Surely, kids in South Africa should be reading literature that is not only contextually relevant to them but also relevant to the time they live in. My son reads to me every morning in the car on the way to school. I would say 95% of the school books he is reading are of characters that don’t look like him. They don’t have names like his. Worse they don’t play on Xbox and iPads like he does. I have a problem on two fronts, the books are culturally biased and worse they are not current. The teachers will argue that they are teaching kids how to read and the words are the most important thing in these books. I beg to differ, I think context is everything. If I give you ten words and ask you to recite them back without looking at them, you will on average remember 5-7 of those words. If on the other hand I give you 15 words but create a context for those words, you will remember all of them. Context is everything.
Fired up I wanted to march back to my son’s excessively expensive private school and demand that they do a play on Shaka Zulu if they must, but I would prefer they do one on; Elon Musk, Mbeki, Tutu, Noah, Theron, Barnard, Gordimer, Luthuli, Shuttleworth, Dhlomo, Sono, Fassi, Makeba and Masekela. But instead I firmly tucked my tail between my legs and disengaged auto pilot by switching the dial on a new heading of 947 and increased the cruising speed to 100kpm.

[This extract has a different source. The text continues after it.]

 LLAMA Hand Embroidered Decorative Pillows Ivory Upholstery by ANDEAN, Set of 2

Next day my son had a Zulu spelling test. So as tradition when he has any spelling test I quiz him in the morning on our drive to school. As usual he cruises through it. And just incase he or you have forgotten I AM HIS DADDY!

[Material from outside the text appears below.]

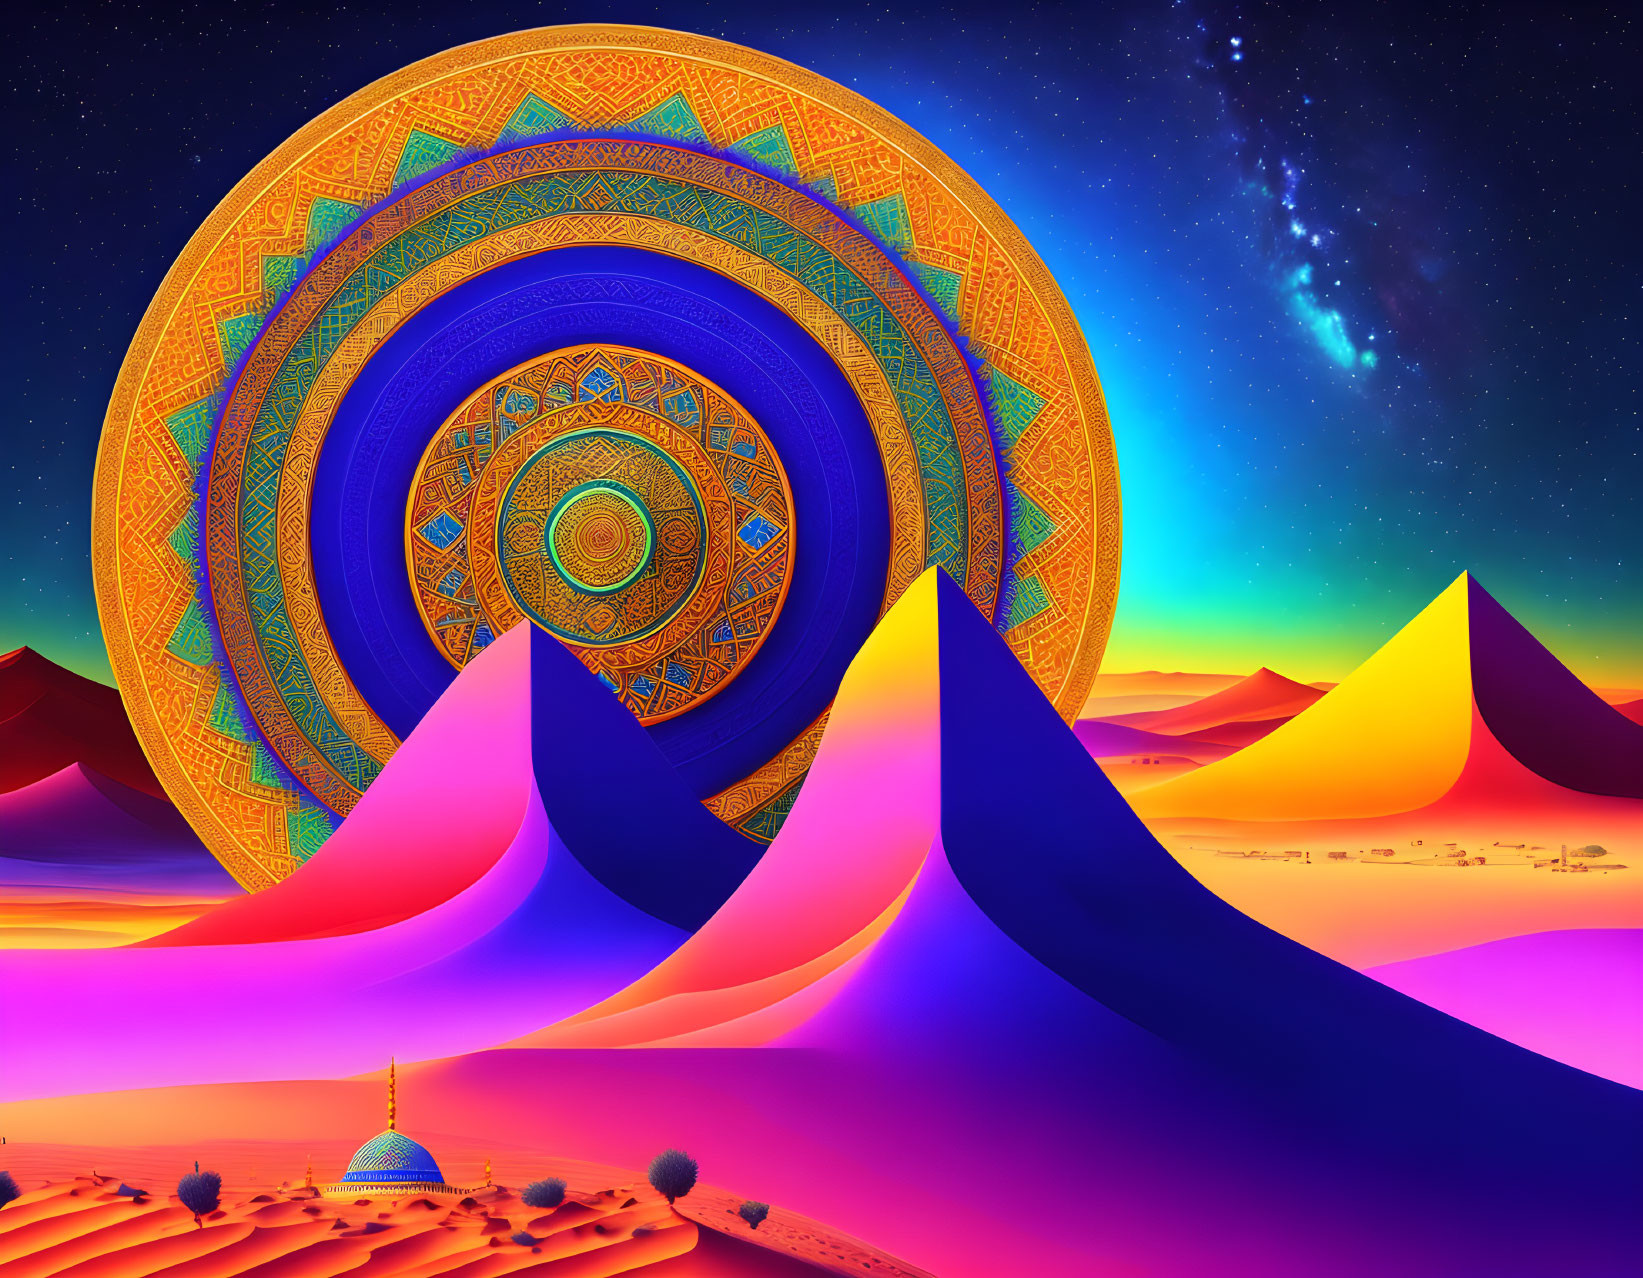 Colorful psychedelic desert scene with mandala and starlit sky.

You see spelling is one thing. I say the word and he spells it. I then asked him to say the word and spell it. That’s where the cookie crumbled and crumbled it did. He actually sounded like a Tom Sawyer trying to speak Zulu! It was shocking, I was embarrassed. Yes, I have raised a white child. I am no different than Angelina Jolie? I found myself questioning who is this kid that can’t pronounce isigqoko, who is this kid’s DADDY?
The Greeks, Afrikaners, Jews, Portuguese and Italians have schools that are dedicated to their language. Most kids go to normal school during the day and after school they go to language schools. We need vernacular schools. Why I hear you ask if English is the medium of business communication in SA? Language is not just about communication it is about culture, literature, heritage and nuance. You can see this when you try to do a direct translation from Zulu to English. I just think you are richer as a person when you know more than one language.
I am keen to set up vernacular private after schools. The schools will teach, Zulu, Sotho, Xhosa, Tswana, Venda and Shangaan, ok maybe even Pedi. Who is with me for creating a competitor to Curro schools?! We won’t have race issues as all races will be welcome.
Here are some numbers to entice you;
Curros Profit climbed to R81m in the six months ended June 30 2016 from R51m a year earlier, Curro said. Revenue increased 24% to R705m, while earnings per share rose 51% to R0.22. The stock rose 1.4% to R42.69
Please post your comments below and let’s Alt Shift. We can create jobs and profits at the same time.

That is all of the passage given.